Task prompt: The line with "David-Bowie.-Dark.Arrowsmith.Dark.©.jpg" marks where to begin; print it and all lines after it in the material below exactly, skipping pictures.

Given information:

▼

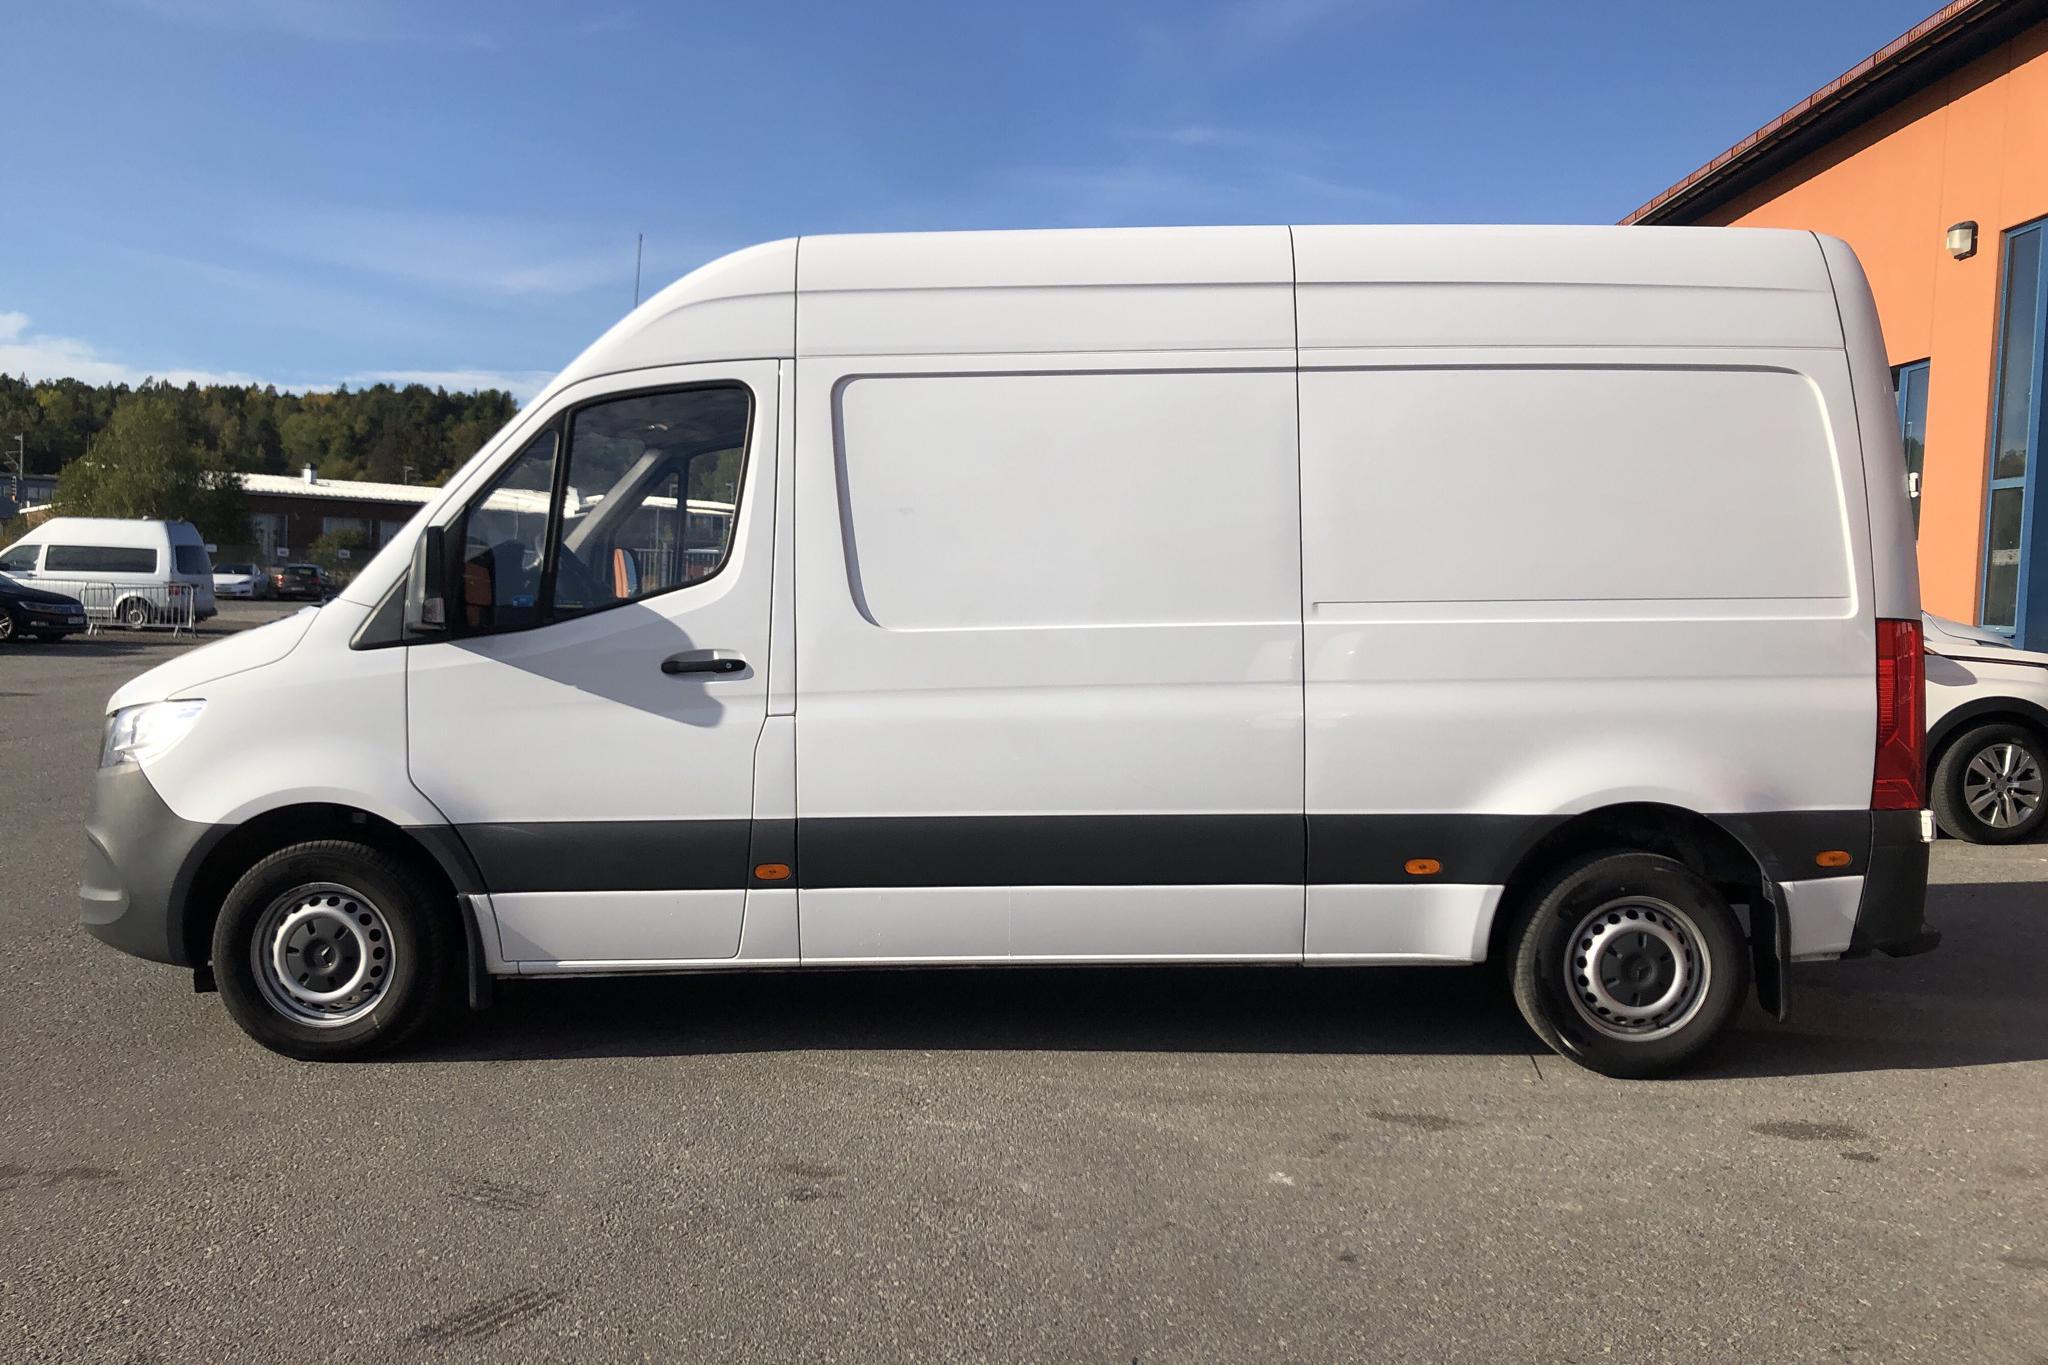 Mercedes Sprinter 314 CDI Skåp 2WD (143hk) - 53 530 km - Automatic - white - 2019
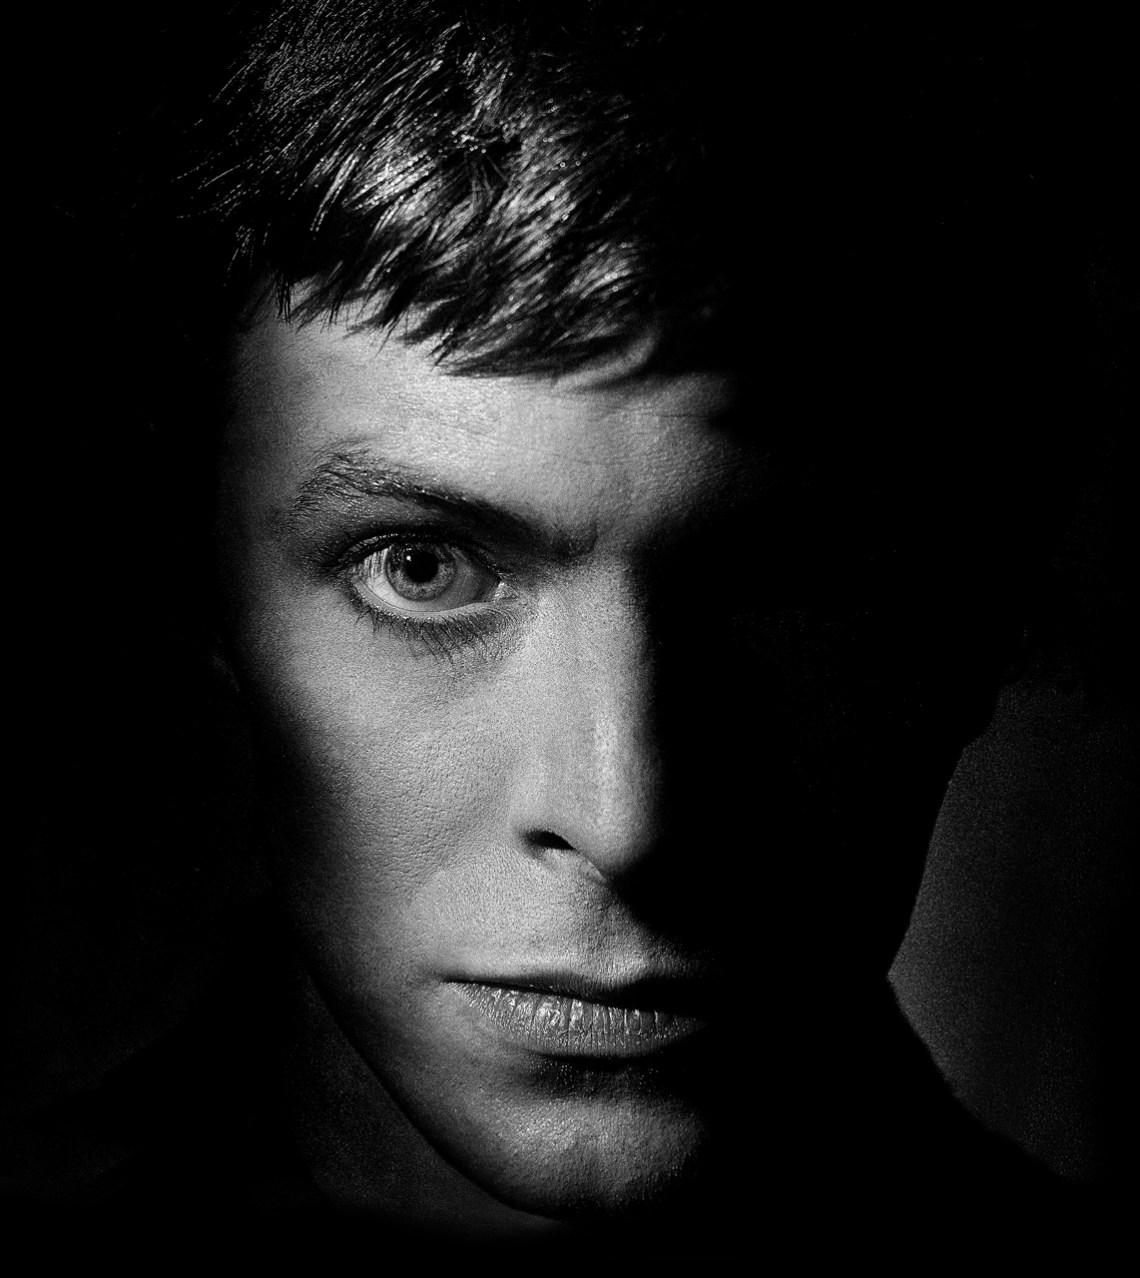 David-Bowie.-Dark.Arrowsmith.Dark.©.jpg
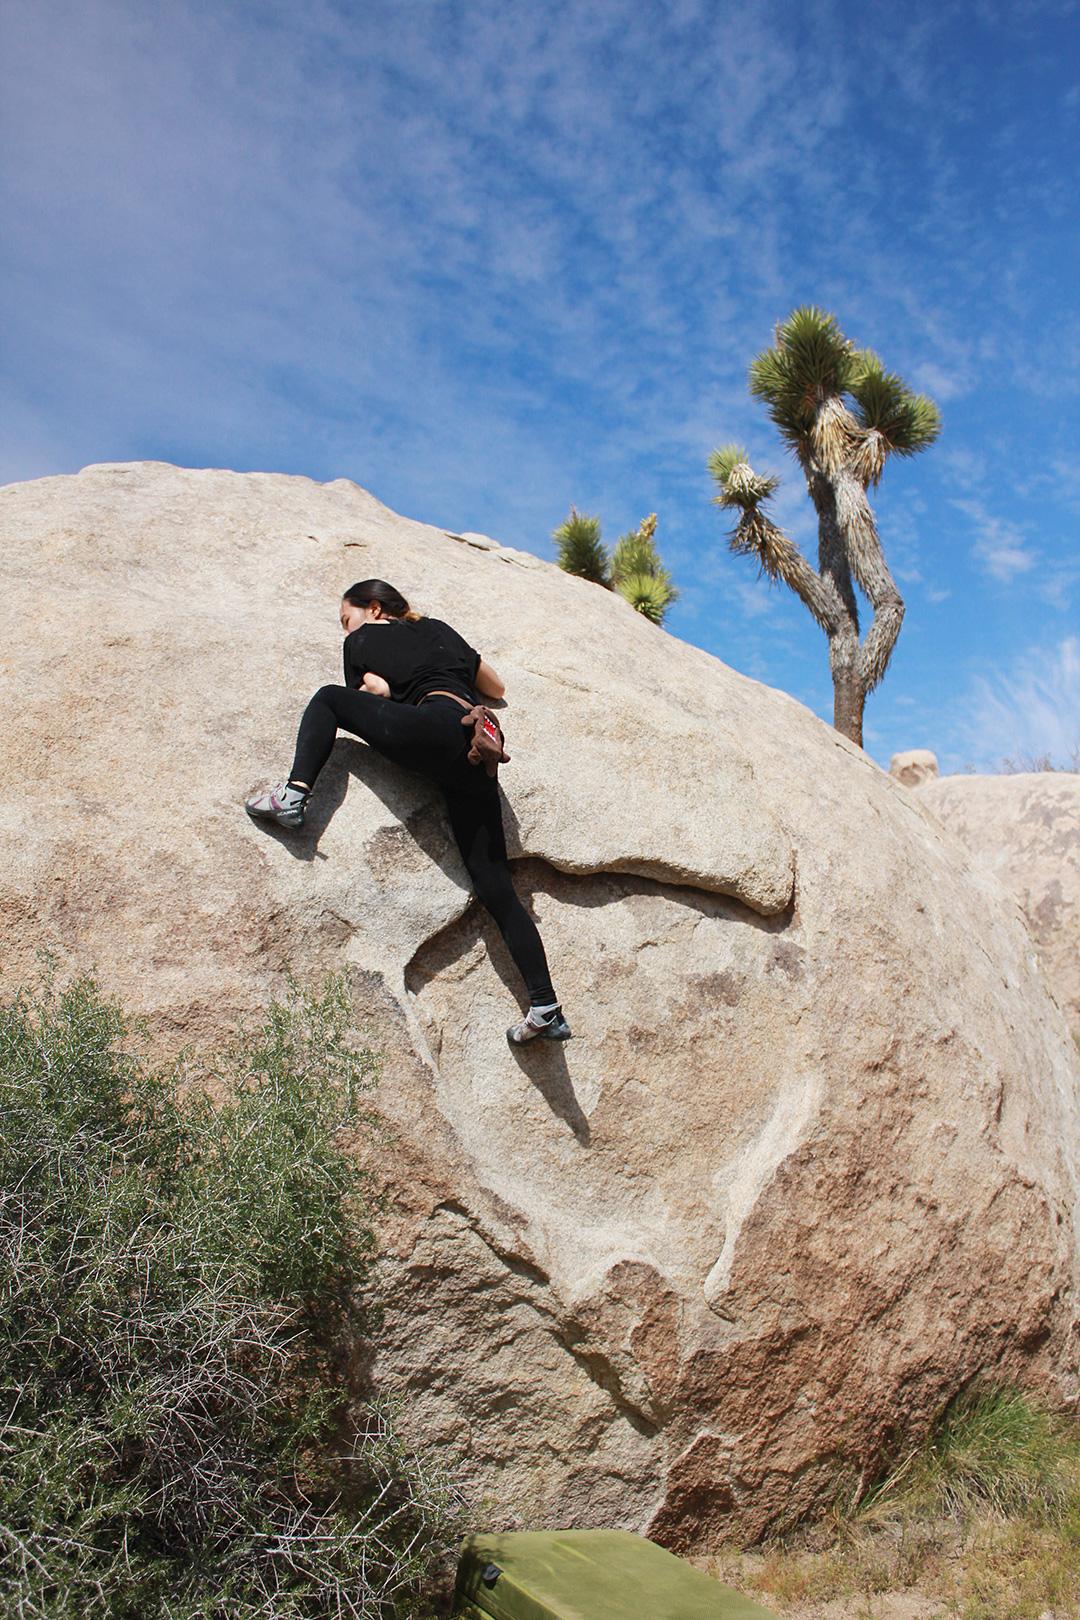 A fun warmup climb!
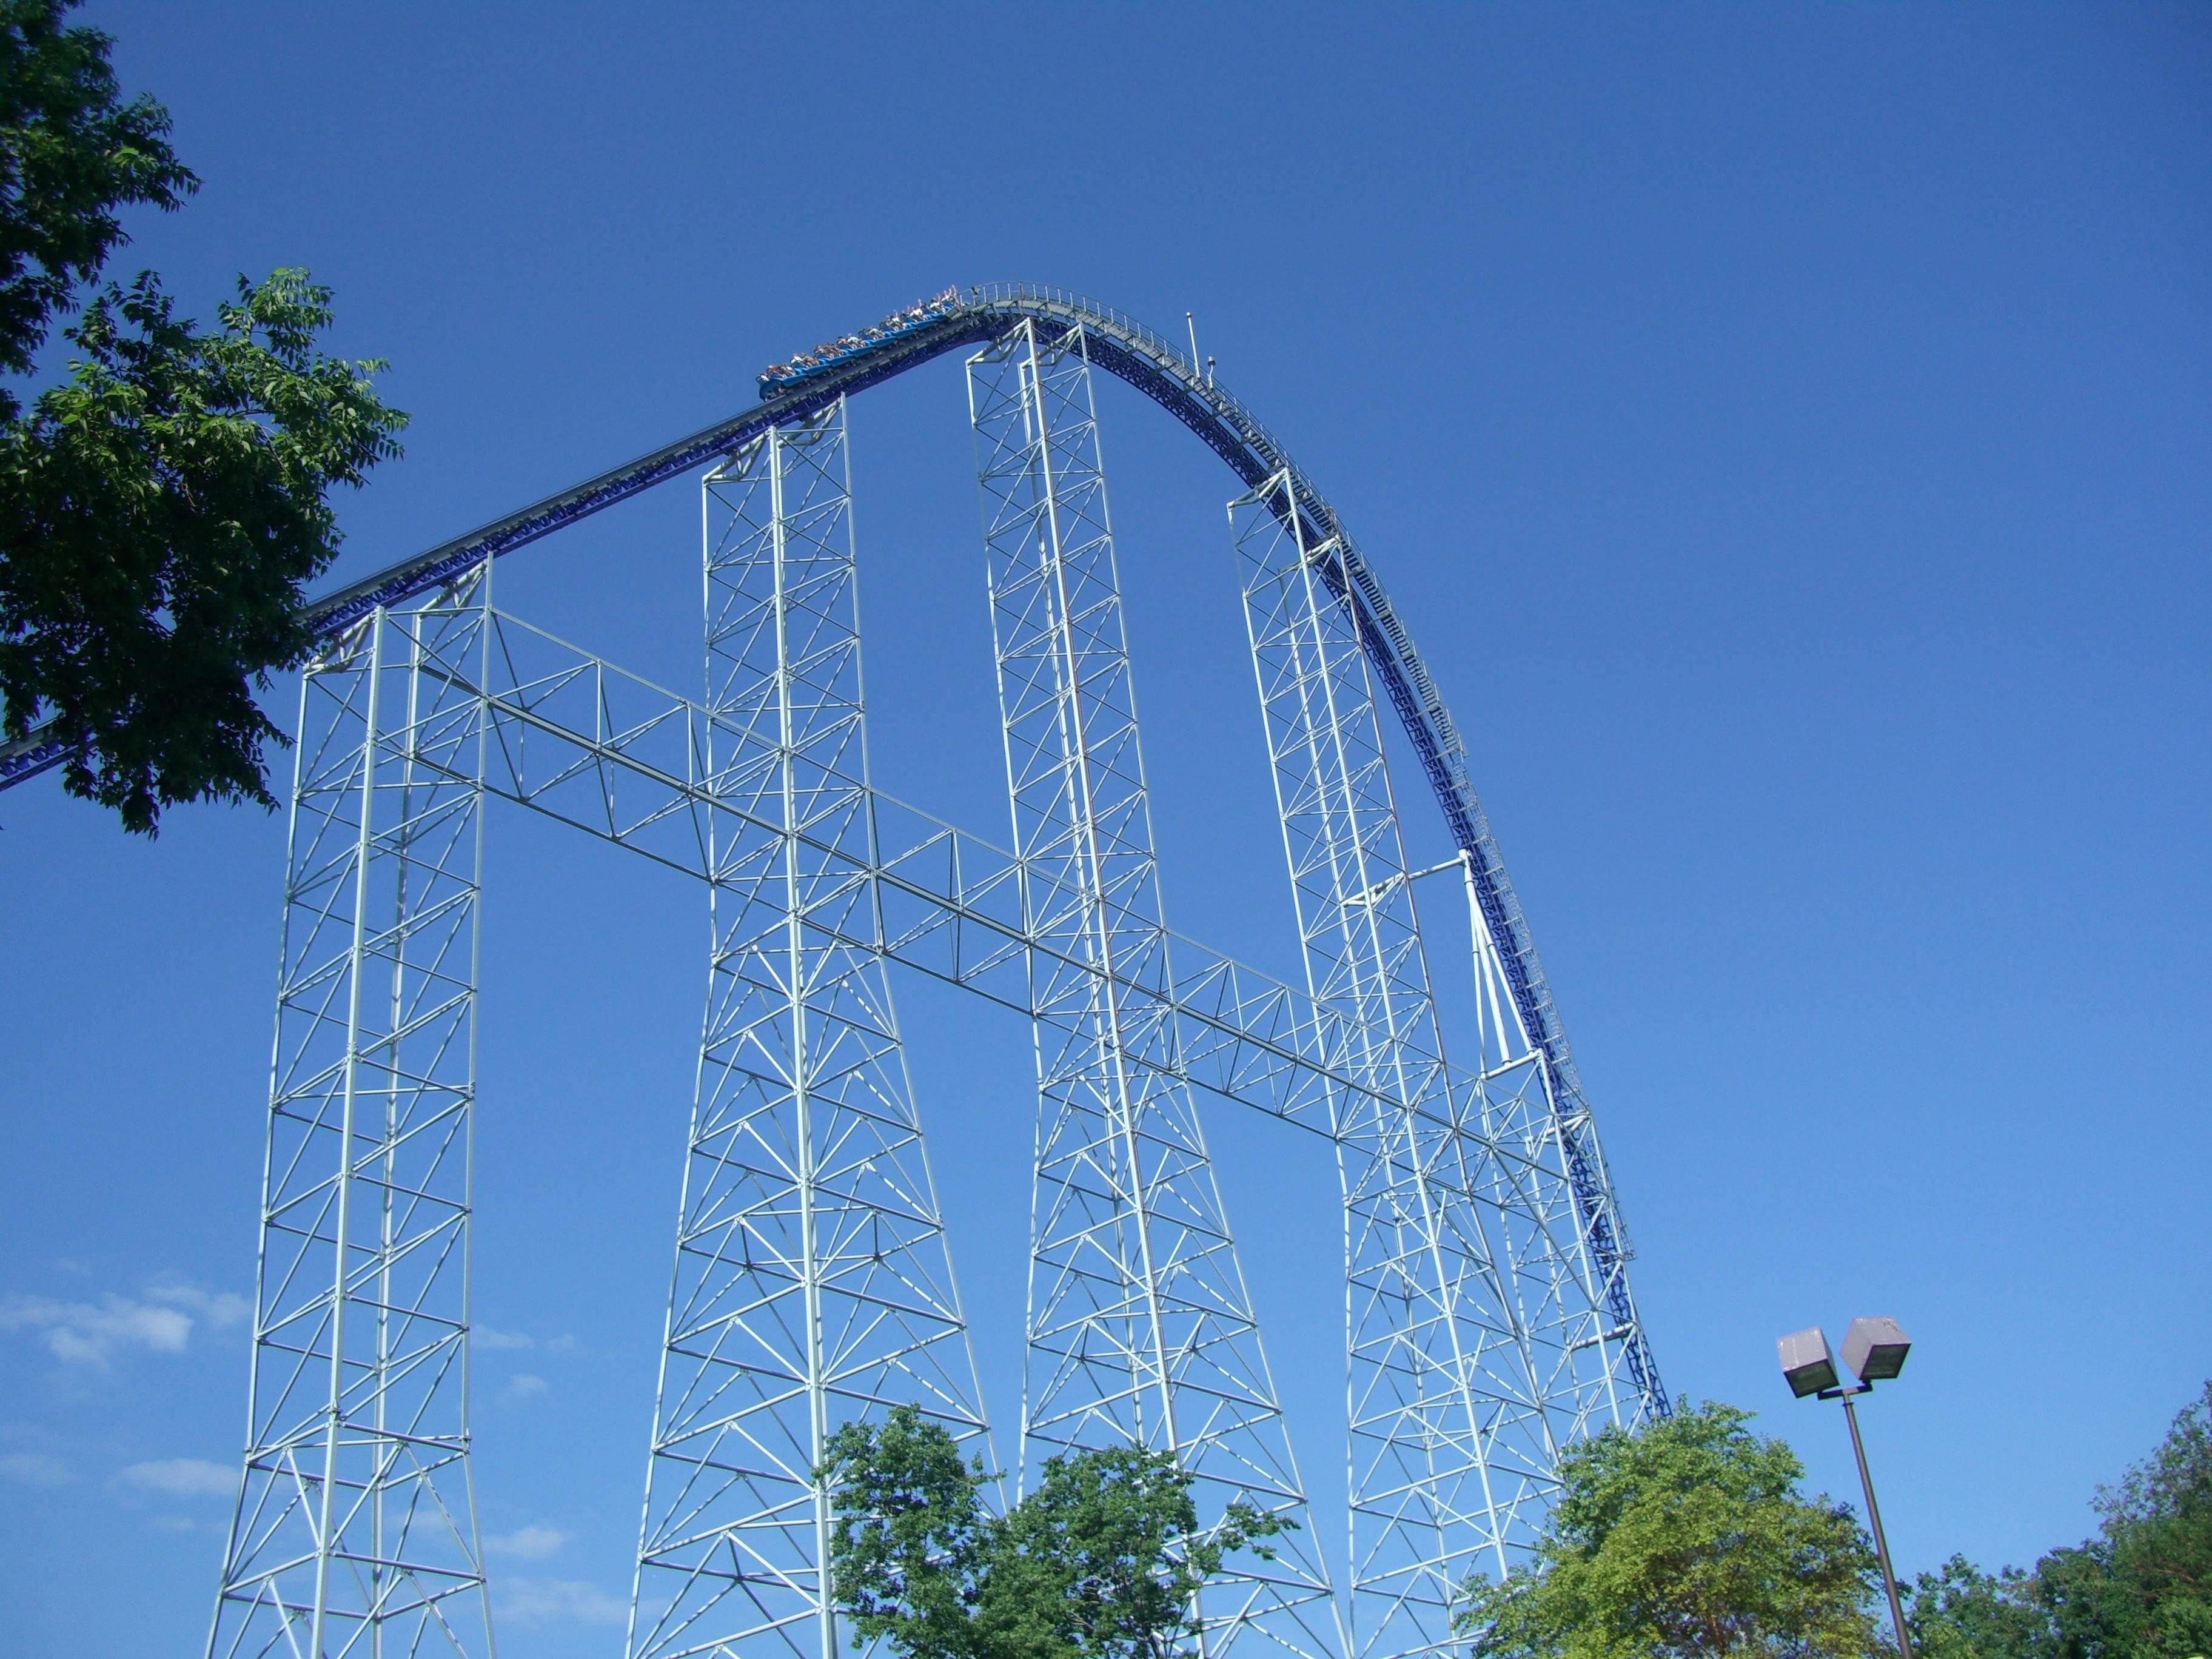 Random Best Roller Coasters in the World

▲

Solution:
 David-Bowie.-Dark.Arrowsmith.Dark.©.jpg
 A fun warmup climb!
 Random Best Roller Coasters in the World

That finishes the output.